I stride on, down the car-less lane.

“I’m dropping the idea that I shouldn’t be in my power.”

“I’m dropping the fear of speaking my truth.”

Why do we do that? Play small?

“Drop it on the trail!”

(Buy Return To Glow here. Read more about Chandi Wyant and her current expatriate life here — especially if you want help sourcing your next trip to Italy.) (!)

We all have something we need to drop on the trail. Maybe we can’t envision a trek of any magnitude, but we can easily entertain walking. Daily. Without sound in our ears. Walking steadily forward — away from our anchors — dropping our own plate-sized dung burdens behind us, the ones we’ve been carrying too long.

Some intrepid souls strike out on grand journeys. Think Peace Pilgrim. For many millions more — for the rest of us — there is an enlivening daily practice to be encountered.

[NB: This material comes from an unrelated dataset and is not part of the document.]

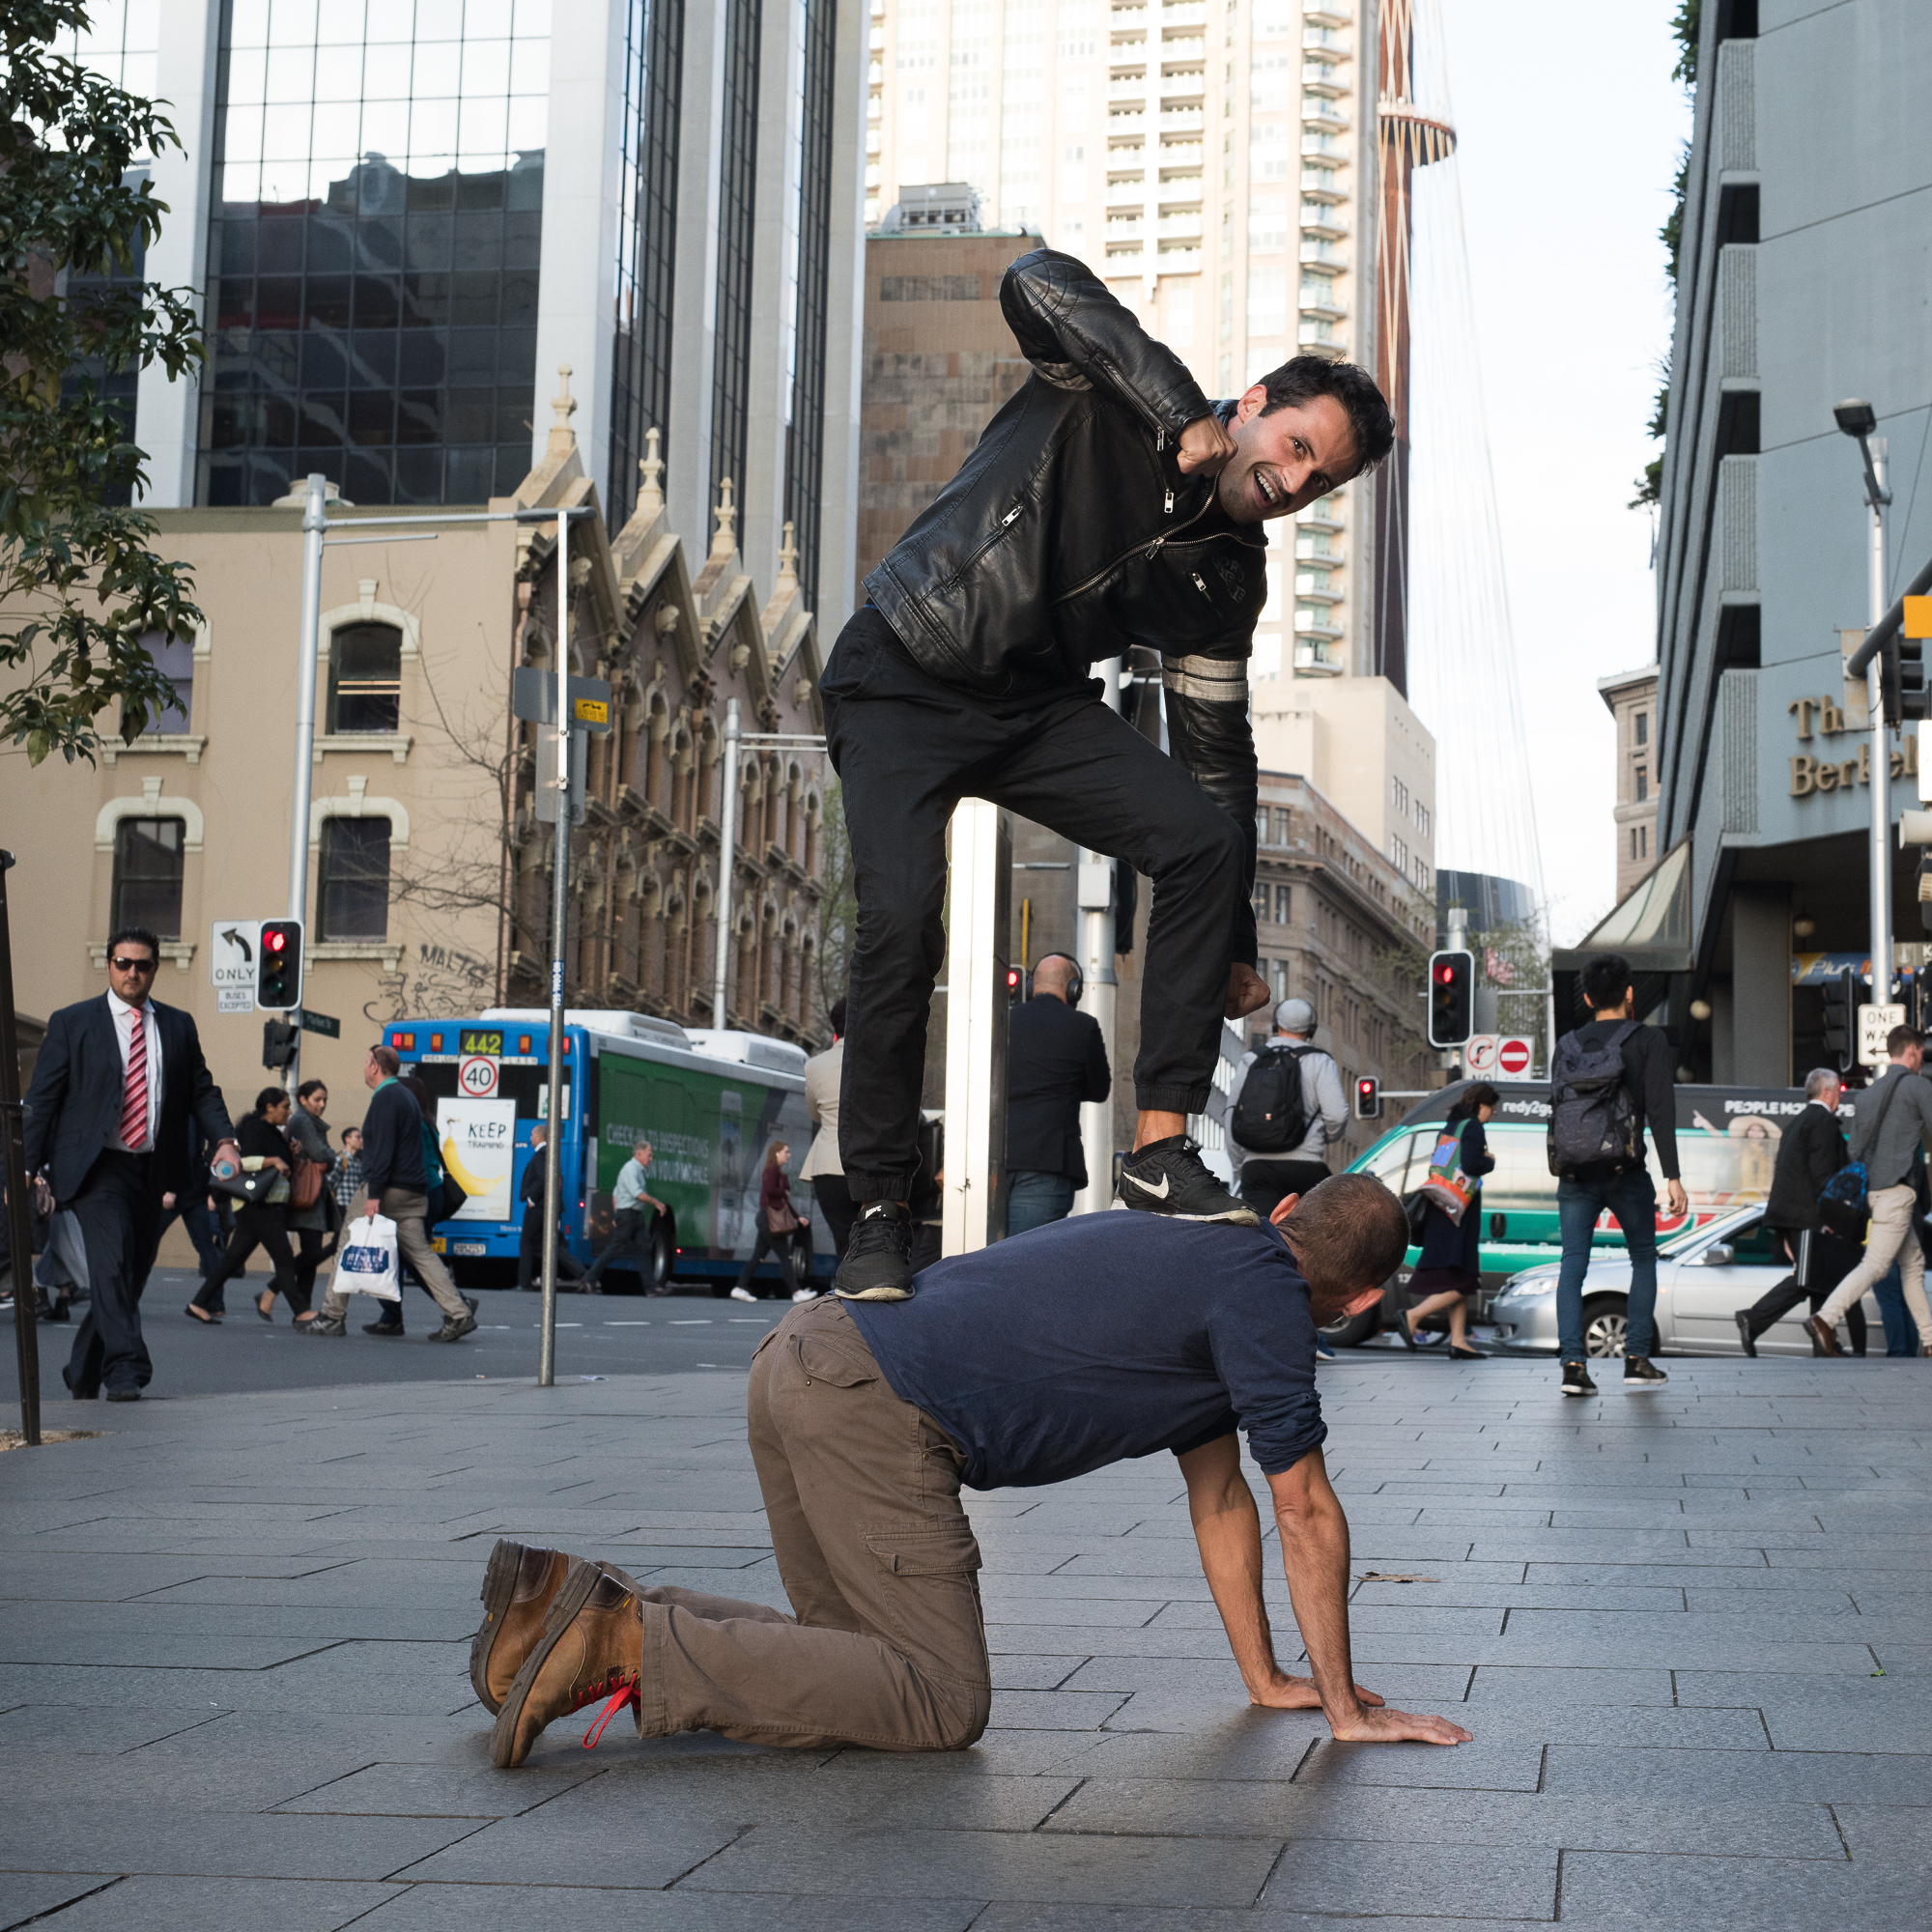 Street Sydney - With men in black

It may be a creative practice. It may be a walking meditation. It may be entering the silence. It may be journaling. It may be expressing love energy. It may be whatever you want it to be.

There are many ways to drop it on the trail. Your way is the best way.

One of my favorite ways is to sink into the footsteps of others, through reading. Like tagging along with Chandi Wyant as she step by step, breath by breath, bit by bit, reclaims her power.